What about unknown? Or unspecified?
I know the field is currently optional but these might still be valid assignments to the field to convey.
So not including the field is not the same as assigning to undefined/unknown and conveying that.
From:
"cti@lists.oasis-open.org" <
cti@lists.oasis-open.org> on behalf of "Jordan, Bret" <
bret.jordan@bluecoat.com>
Date: Saturday, August 6, 2016 at 9:15 PM
To: "cti@lists.oasis-open.org" <
cti@lists.oasis-open.org>
Subject: [cti] Attack Motivations
All,
Intrusion Sets and Threat Actors both use the Attack Motivations vocabulary.
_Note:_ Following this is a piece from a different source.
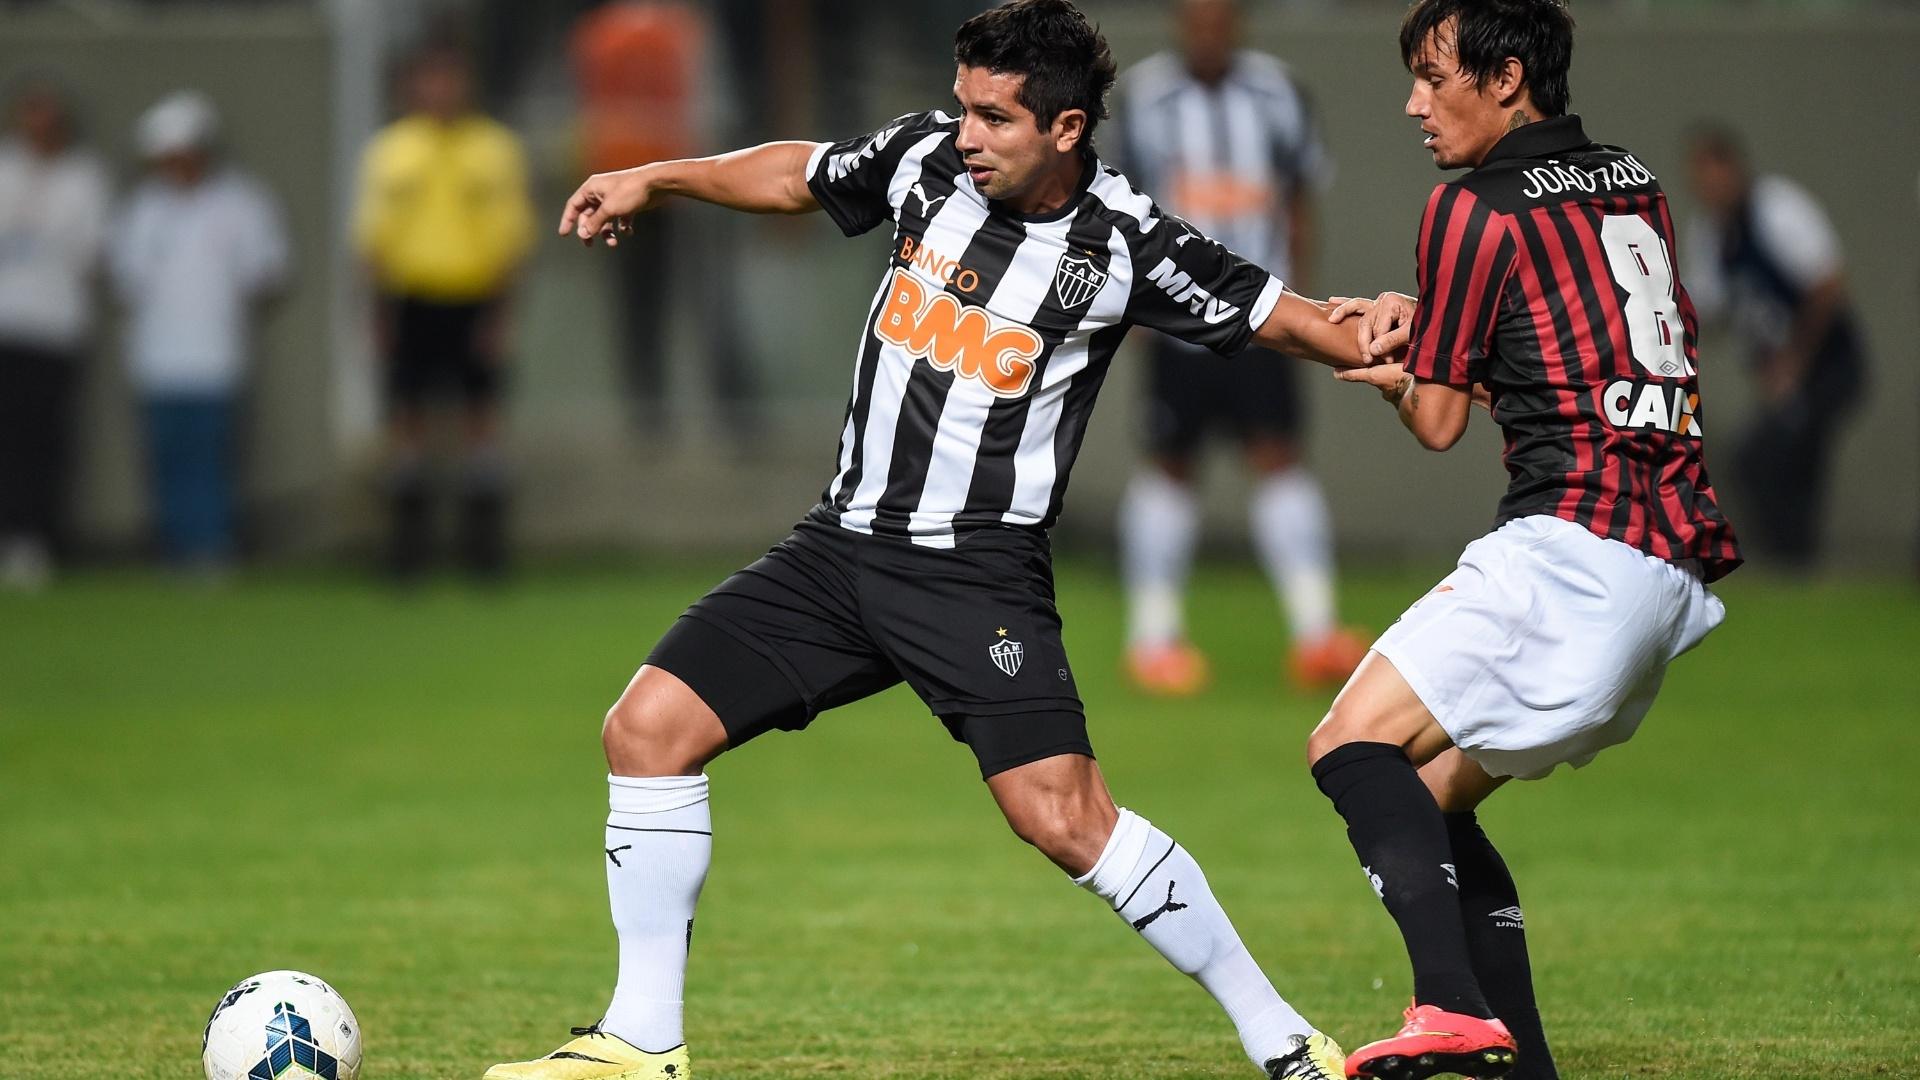 Substituto de Ronaldinho, Guilherme encara a marcação do Atlético-PR em jogo do Atlético-MG

Right now we have the following terms in that vocab:
accidental
coercion
dominance
ideology
notoriety
organizational-gain
personal-gain
personal-satisfaction
revenge
unpredictable
I propose that we add the following thee terms to this list, I missed them when I was putting this list together.
amusement
advantage (competitive, political, economic)
anarchy
Thanks,
Bret
Bret Jordan CISSP
Director of Security Architecture and Standards Office of the CTO
Blue Coat Systems
PGP Fingerprint: 63B4 FC53 680A 6B7D 1447 F2C0 74F8 ACAE 7415 0050
"Without cryptography vihv vivc ce xhrnrw, however, the only thing that can not be unscrambled is an egg."